I have an Intel(R) Core(TM) i7-4720HQ CPU @ 2.60GHz (Haswell) processor. In a relatively idle situation, I ran the following Perf commands for around 5 seconds. The counters are offcore_response.all_data_rd.l3_miss.local_dram and offcore_response.all_code_rd.l3_miss.local_dram:
sudo perf stat -e offcore_response.all_data_rd.l3_miss.local_dram,offcore_response.all_code_rd.l3_miss.local_dram -p <PID>
The workloads are: 1) playing a video in VLC and 2) running KDevelop indexer on a large code base. The outputs are shown, below:
VLC:
Performance counter stats for process id '14617':
1,621,980 offcore_response.all_data_rd.l3_miss.local_dram
1,611,825 offcore_response.all_code_rd.l3_miss.local_dram
4.993841802 seconds time elapsed
KDevelop:
Performance counter stats for process id '23294':
31,006,390 offcore_response.all_data_rd.l3_miss.local_dram
10,236,222 offcore_response.all_code_rd.l3_miss.local_dram
5.095681532 seconds time elapsed
Based on these statistics, the memory access frequency in KDevelop is more than 12 times as much as VLC.

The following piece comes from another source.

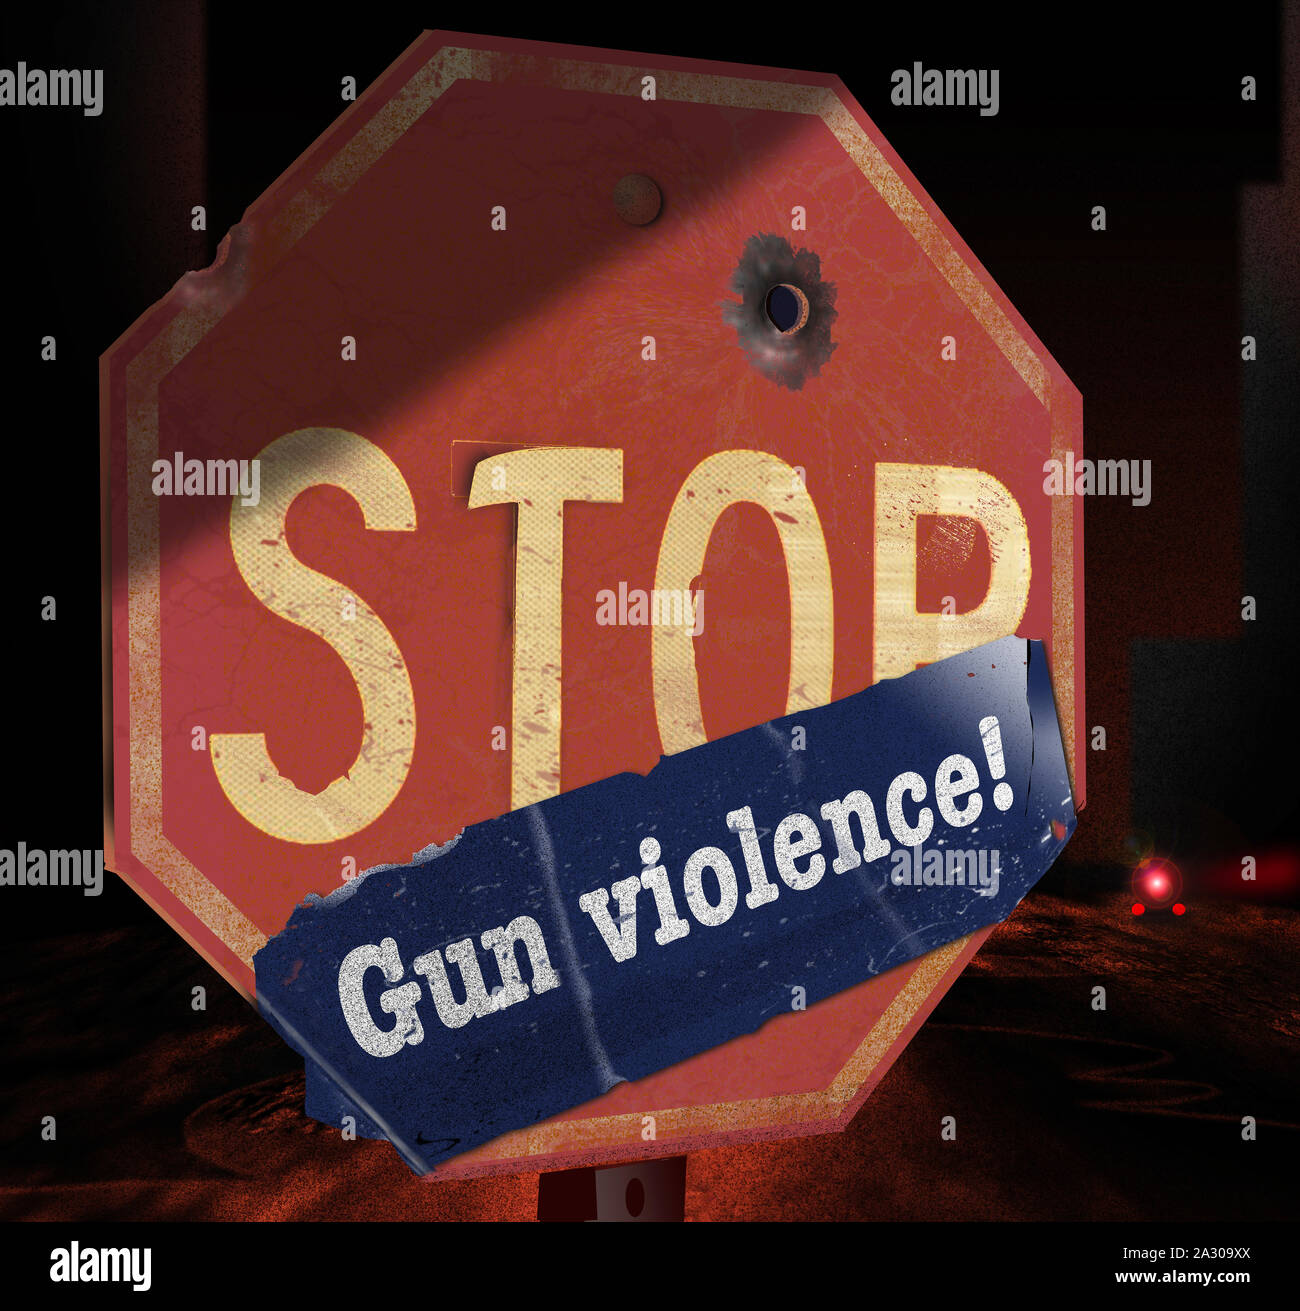 An old stop sign with a bullet hole has a bumper sticker that reads: “Gun violence” to make the message: Stop gun violence. It is a night time scene a Stock Photo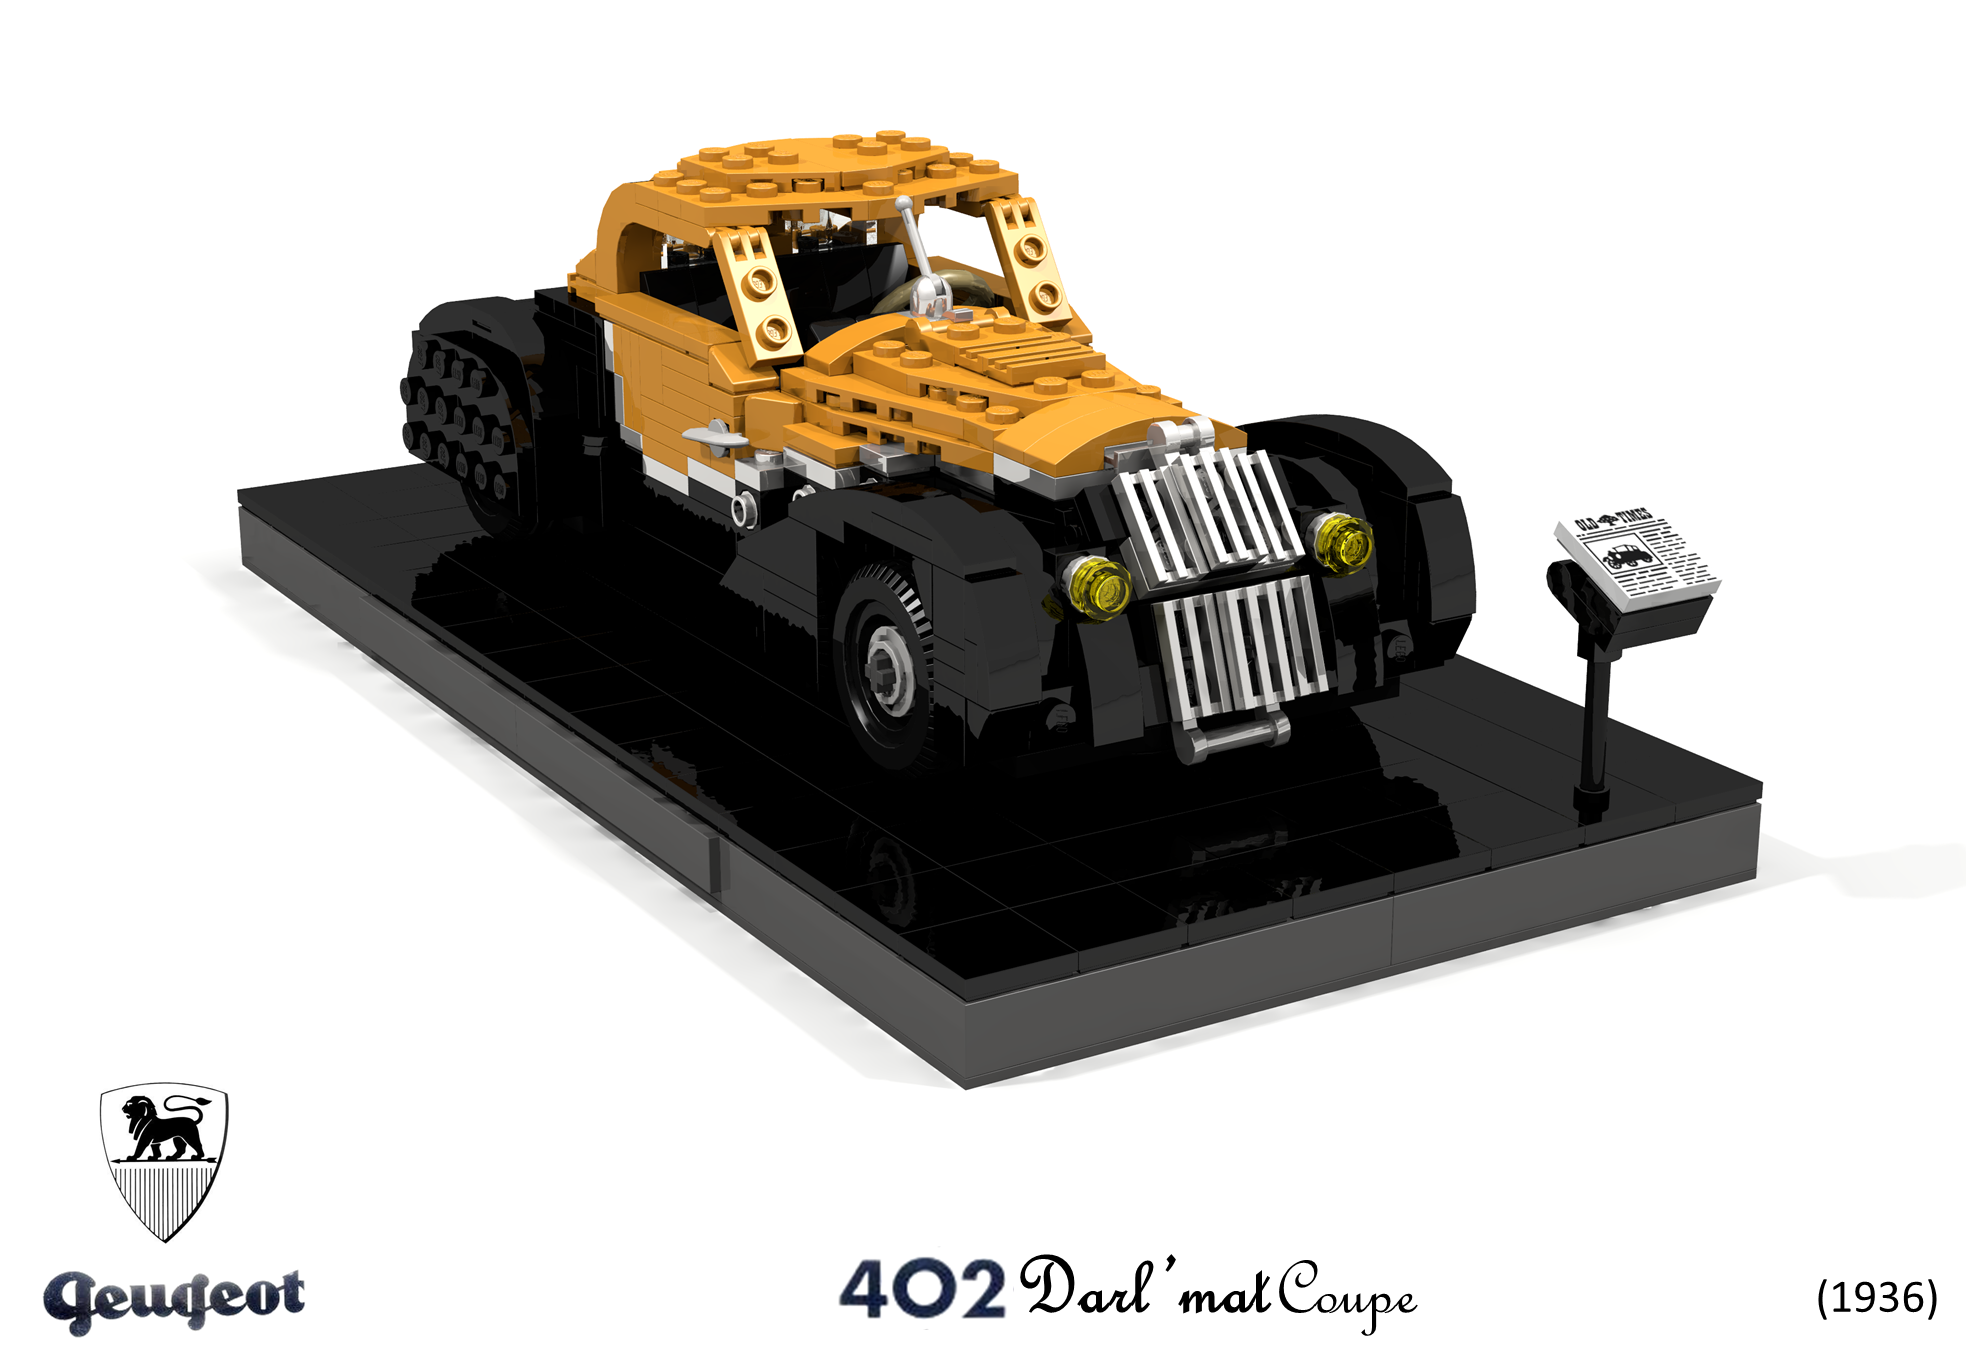 1936_peugeot_402_darlmat_coupe.png

But the IMC counters statistics (retrieved using PCM) are at odds with the above-mentioned performance counters. In the idle system, the total system bandwidth is around 2.65GB (READ: 2.30GB, WRITE: 0.35GB). The total system bandwidth for each workload (ran separately) is as follows:
VLC:
around `8.40`GB (READ:`4.65`GB, WRITE:`3.75`GB)
KDevelop:
around `3.75`GB (READ:`3.15`GB, WRITE:`0.60`GB)
After reducing the idle system bandwidth, the VLC and KDevelop bandwidths will be around 5.75GB and 1.10GB, respectively. This time, the VLC memory access frequency is more than 5 times as much as KDevelop, which shows an obvious conflict.
How can these two outcomes be described?